Personal data are processed only to the extent necessary for fulfilling the intended purpose and in accordance with that purpose.

Security

Personal data are processed in a manner that ensures their due security, including the use of suitable technical or organizational measures to protect them from unauthorized or unlawful processing and from accidental loss, destruction or damage.

7. Rights of the Data Subject

Right of Access

The right of access to the personal data means the data subject shall have the right to obtain from the Controller confirmation as to whether or not personal data concerning him or her are being processed, and, where that is the case, what data it concerns and how it is being processed.

Right to Rectification

The right to rectification means the User shall have the right to obtain from the Controller without undue delay the rectification of inaccurate personal data concerning him or her. The User has the right to have incomplete personal data completed by the Controller at any time.

Right to Erasure

The right to the erasure of personal data is the Controller’s obligation to erase the personal data about the User being processed if the conditions specified in the GDPR are met and the User requests the Controller to do so.

Right of Restriction to Processing

The User has the right, in the cases specified by the Regulation, that the Controller restrict the processing of the User’s personal data.

Right to Object

The User has the right to object at any time to processing based on the legitimate interests of the Controller, a third party or it is necessary for the performance of a task carried out for reasons of public interest or during the exercise of public authority.

Right to Data Portability

The right to data portability gives the User the ability to obtain personal data provided by the Controller in a commonly used and machine-readable format. This data may then be passed on to another Controller or, if technically possible, a request may be made that it be transmitted from one Controller to another.

Right to Withdraw Consent

According to the GDPR, the User has the right to withdraw consent to the processing of his or her personal data at any time. This right does not apply in the case of a Contract because the User’s personal data are processed for the performance of the Contract, not on the basis of consent to processing.

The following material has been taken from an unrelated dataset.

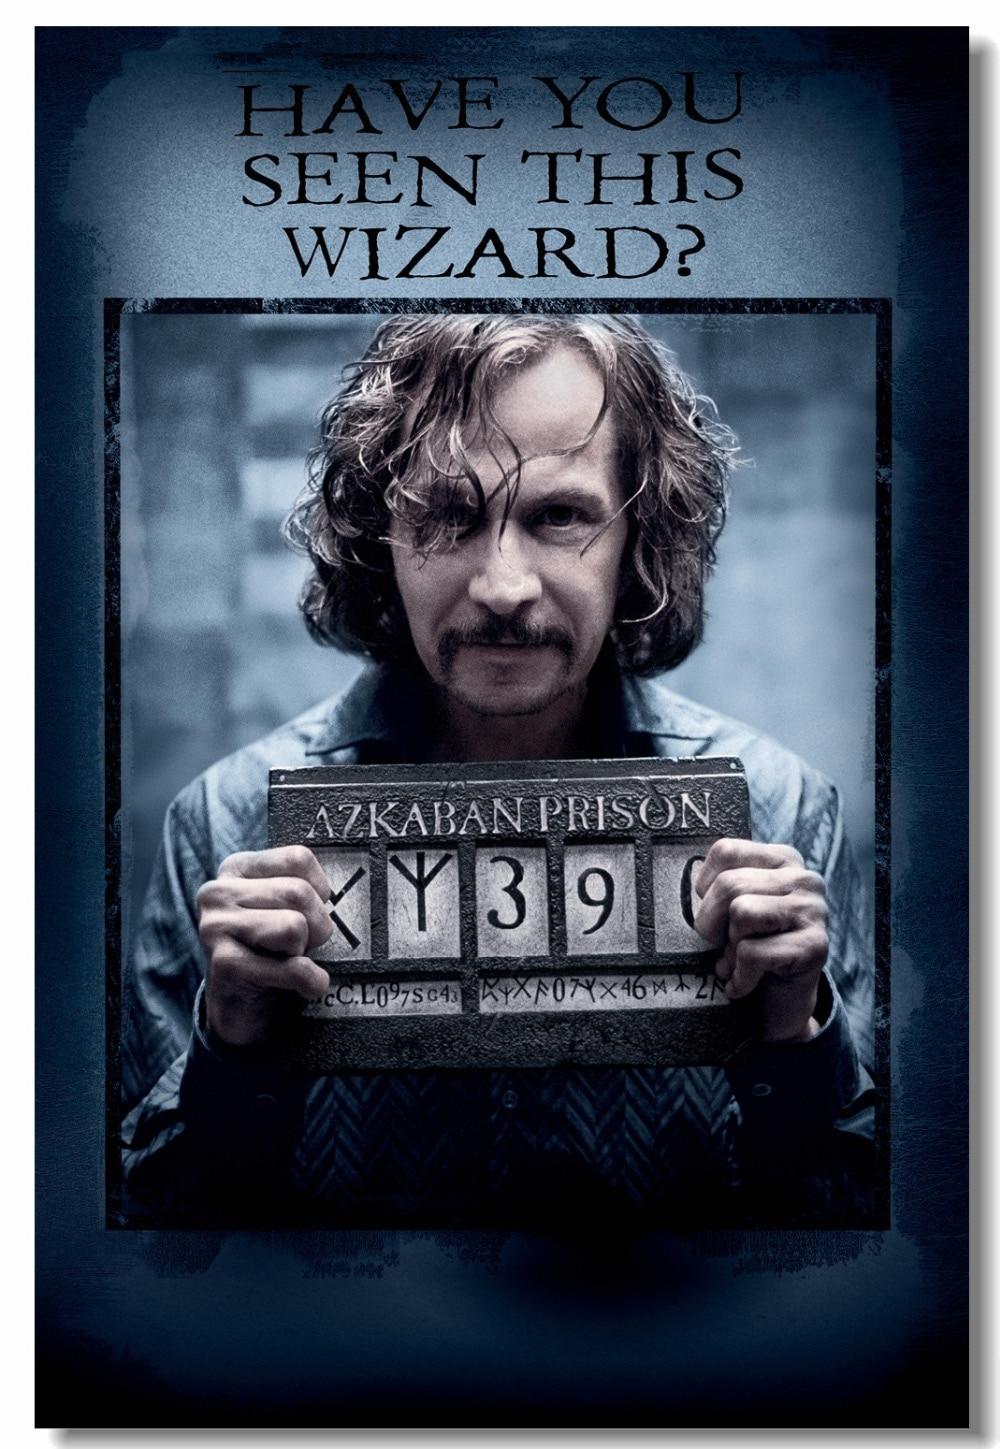 US $5.43 32% OFF. Aliexpress.com, Buy Custom Canvas Wall Decal Harry Potter Sirius Black Poster Wizard David Thewlis Stickers The Prisoner Of Azkaban

Right to Lodge a Complaint

In the event of dissatisfaction with the processing of his or her personal data by the Controller, the User has the right to lodge a complaint directly with the Controller or to turn to the Office for Personal Data Protection.

Information on the User’s rights

The website of the Office for Personal Data Protection: https://www.uoou.cz/6-prava-subjektu-udaj/d-27276

These Principles for Protecting Personal Data come into force on 25. 5. 2018.